● INSTRUCTIONS FOR THE TASK: Please repeat the listing below exactly, but do not include its pictures.

● COLLECTED MATERIAL:

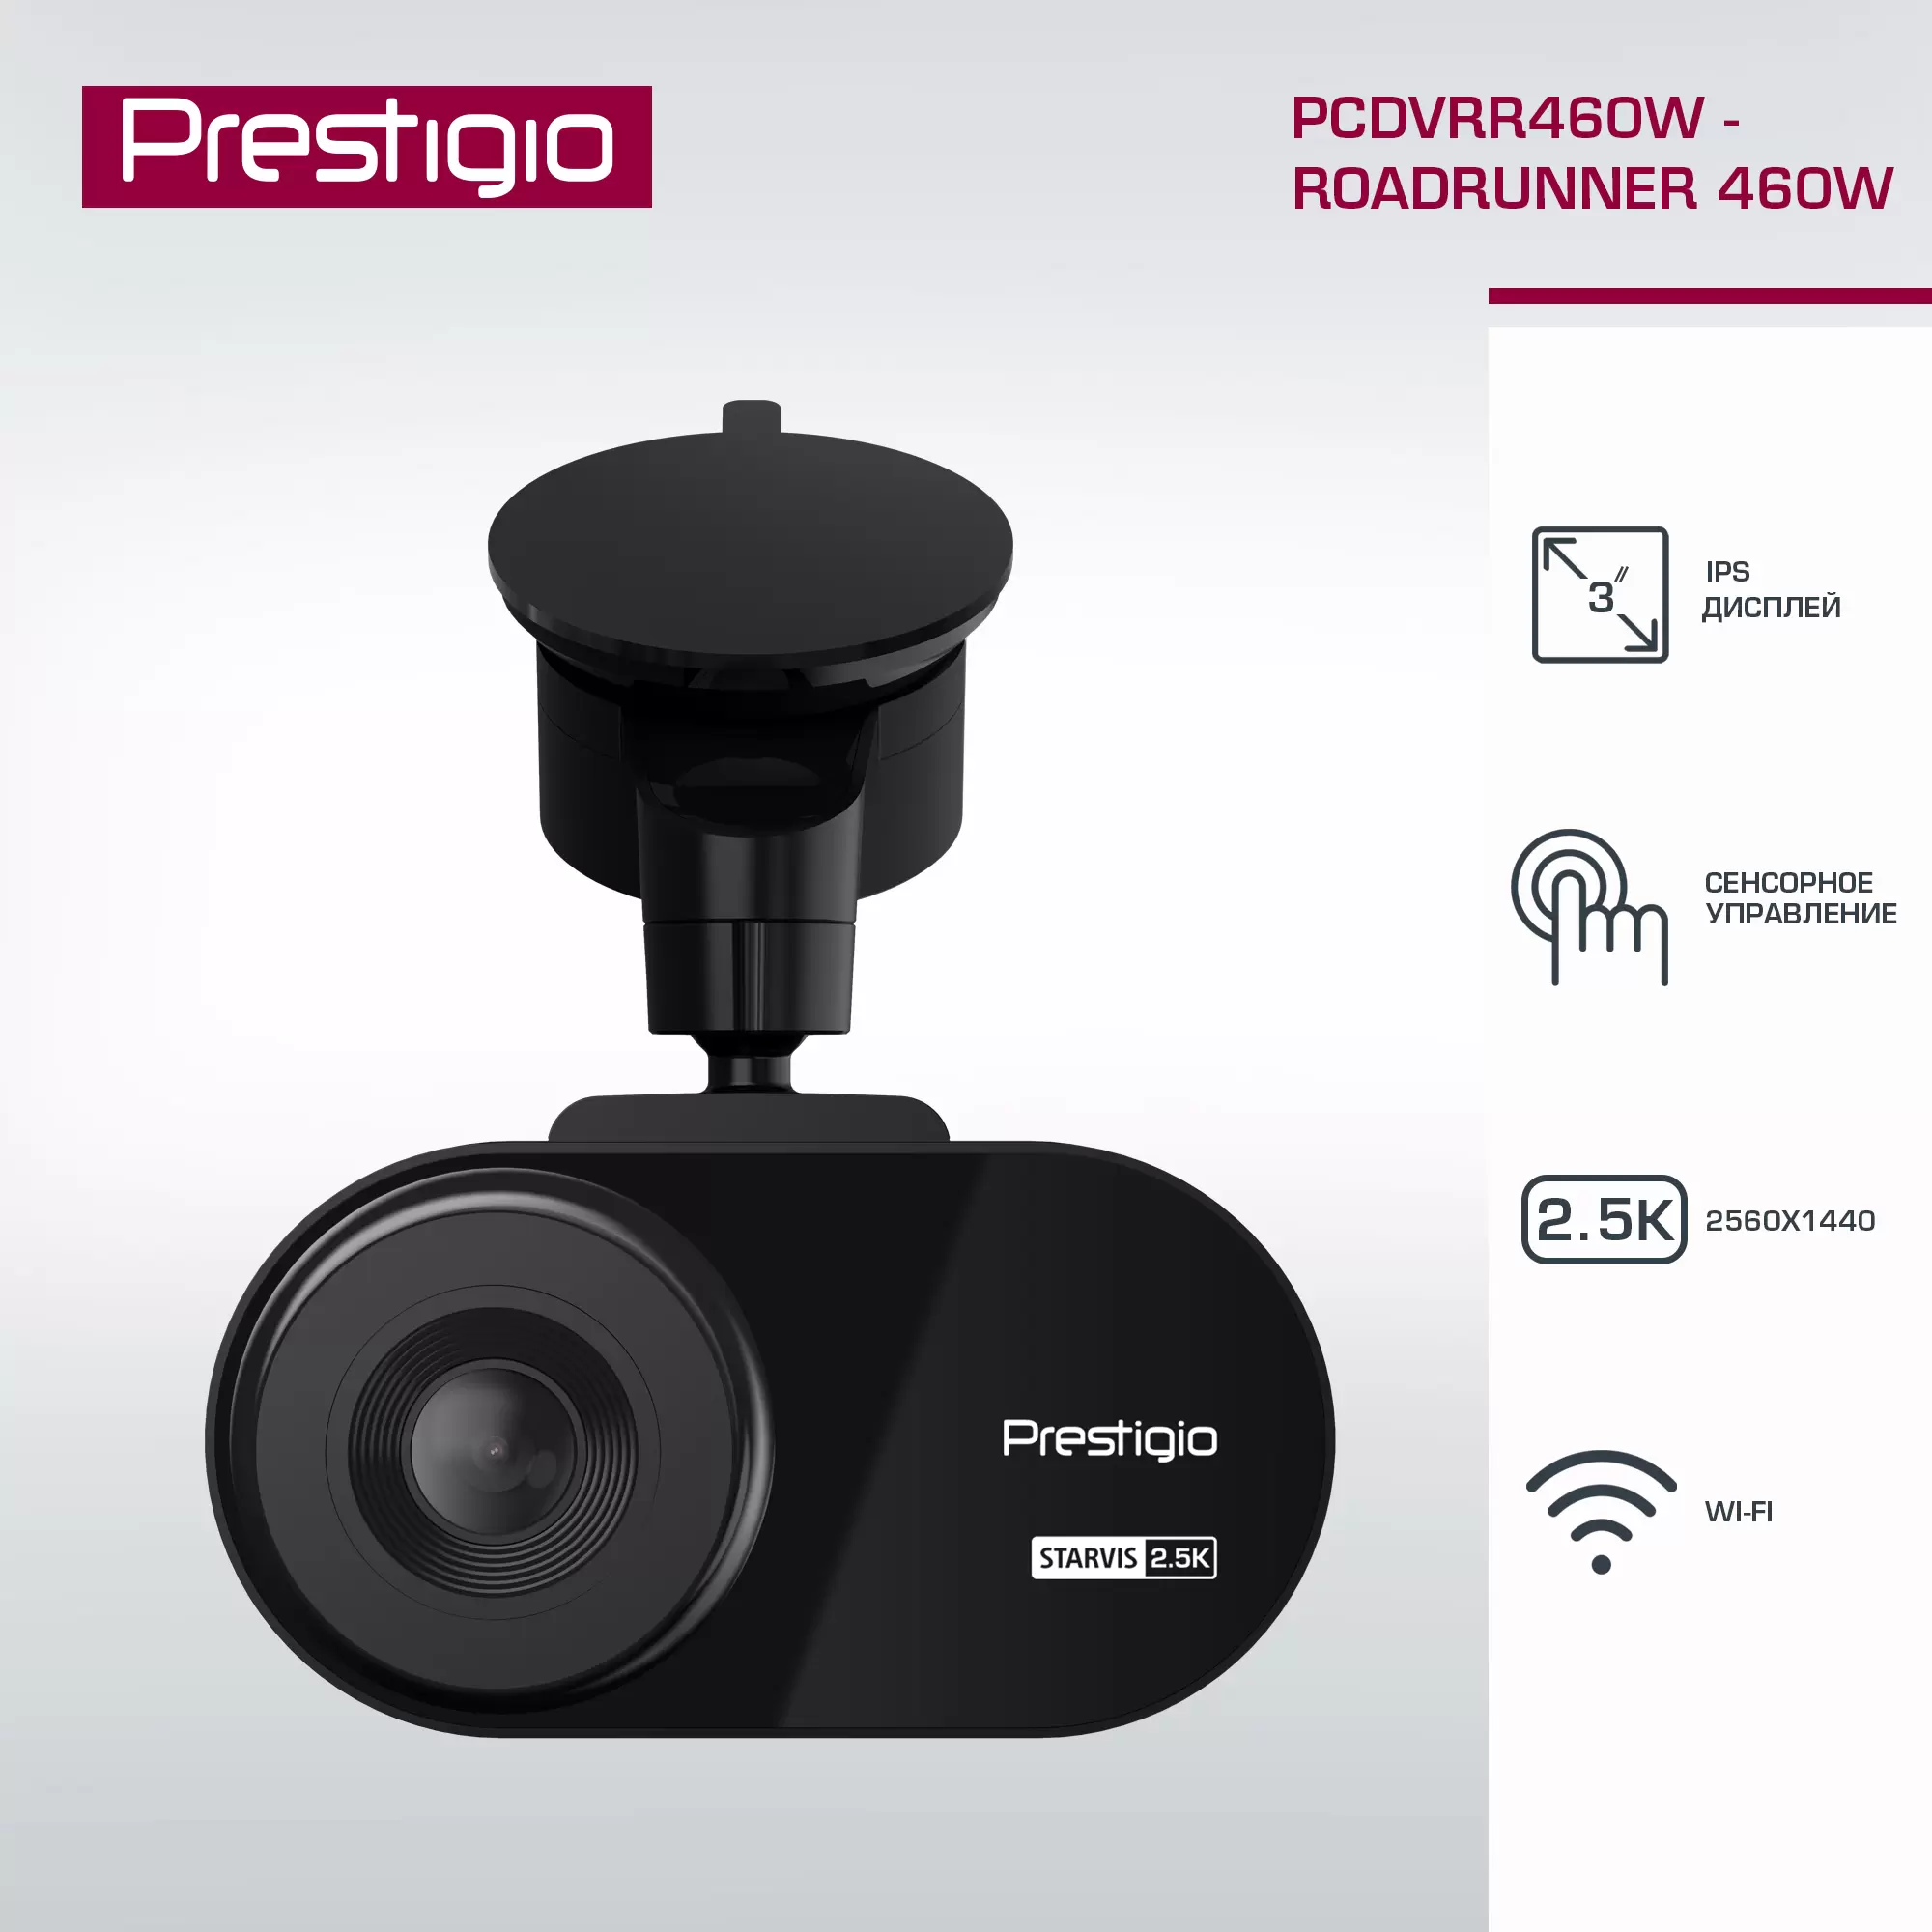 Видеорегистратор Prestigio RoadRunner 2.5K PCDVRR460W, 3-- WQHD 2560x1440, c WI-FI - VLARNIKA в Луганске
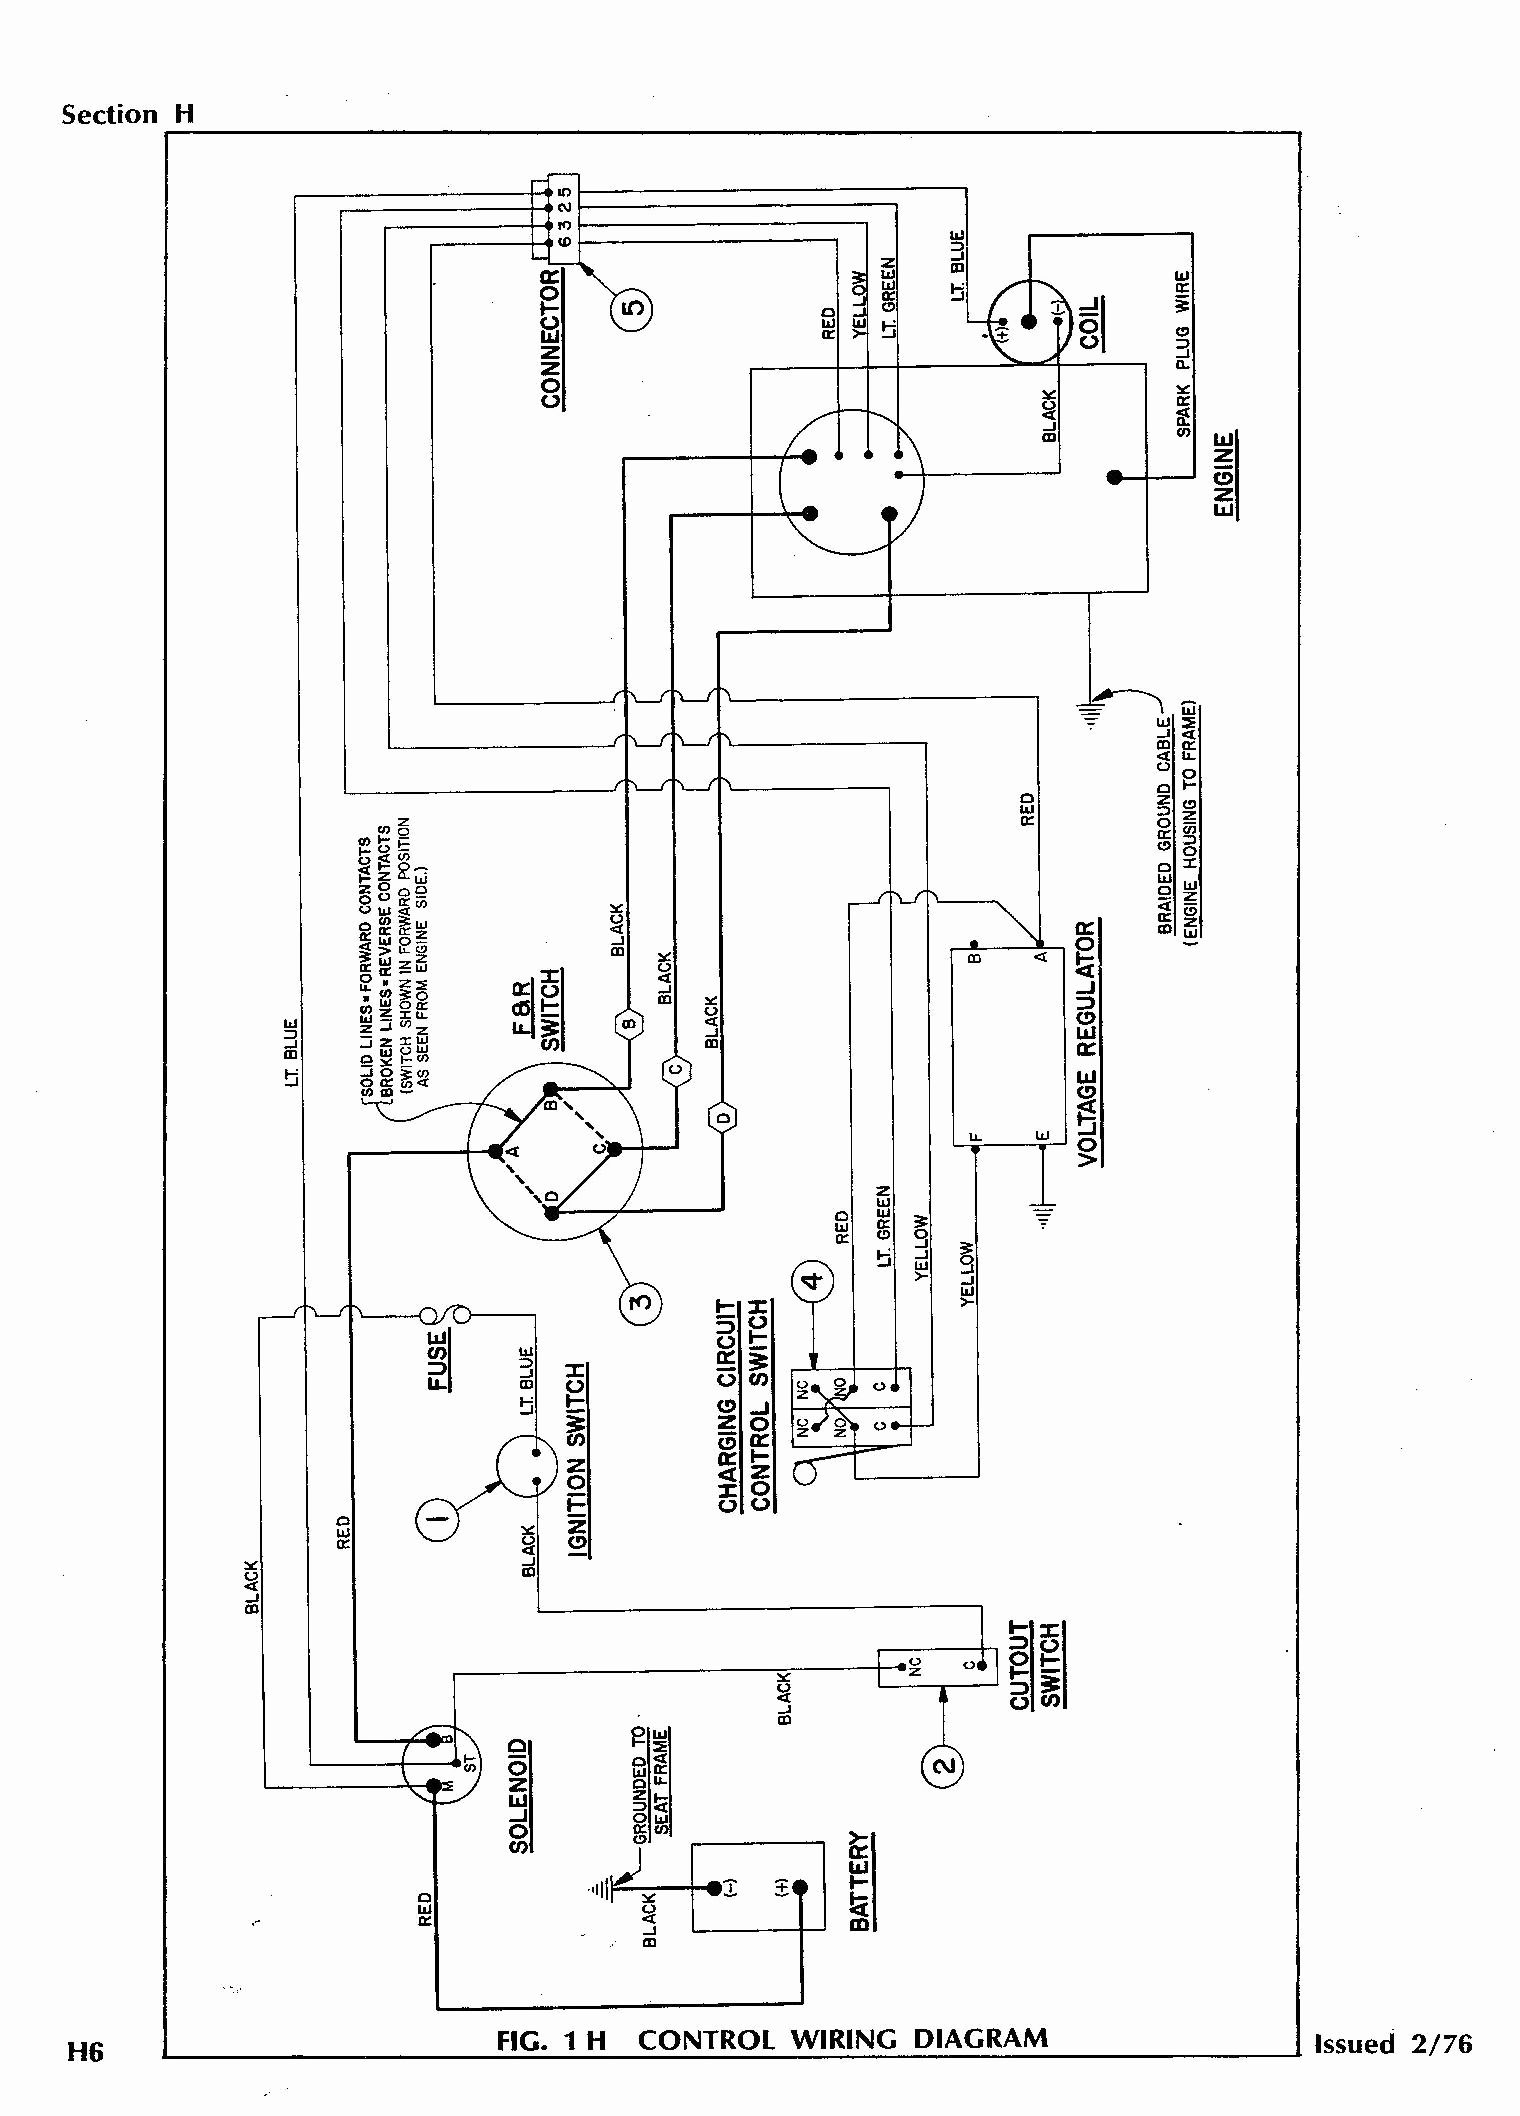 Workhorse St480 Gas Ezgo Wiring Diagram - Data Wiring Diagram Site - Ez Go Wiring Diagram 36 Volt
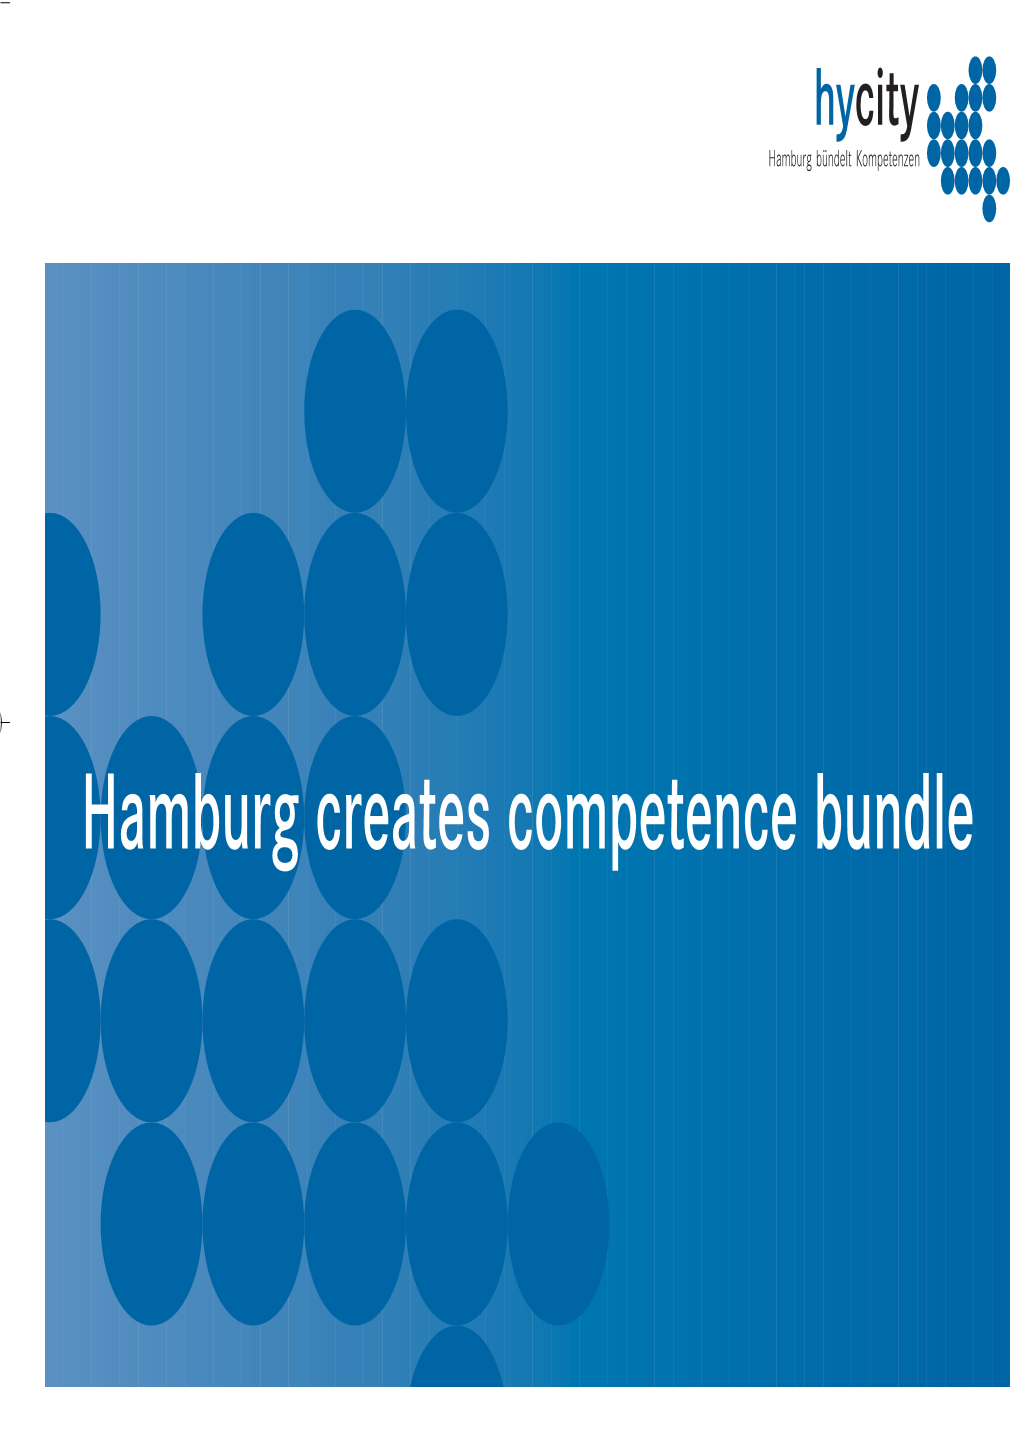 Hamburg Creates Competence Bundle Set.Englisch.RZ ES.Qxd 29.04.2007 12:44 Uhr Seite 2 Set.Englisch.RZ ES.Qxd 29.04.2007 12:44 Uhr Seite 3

● SOLVED PROBLEM:
 Видеорегистратор Prestigio RoadRunner 2.5K PCDVRR460W, 3-- WQHD 2560x1440, c WI-FI - VLARNIKA в Луганске
 Workhorse St480 Gas Ezgo Wiring Diagram - Data Wiring Diagram Site - Ez Go Wiring Diagram 36 Volt
 Hamburg Creates Competence Bundle Set.Englisch.RZ ES.Qxd 29.04.2007 12:44 Uhr Seite 2 Set.Englisch.RZ ES.Qxd 29.04.2007 12:44 Uhr Seite 3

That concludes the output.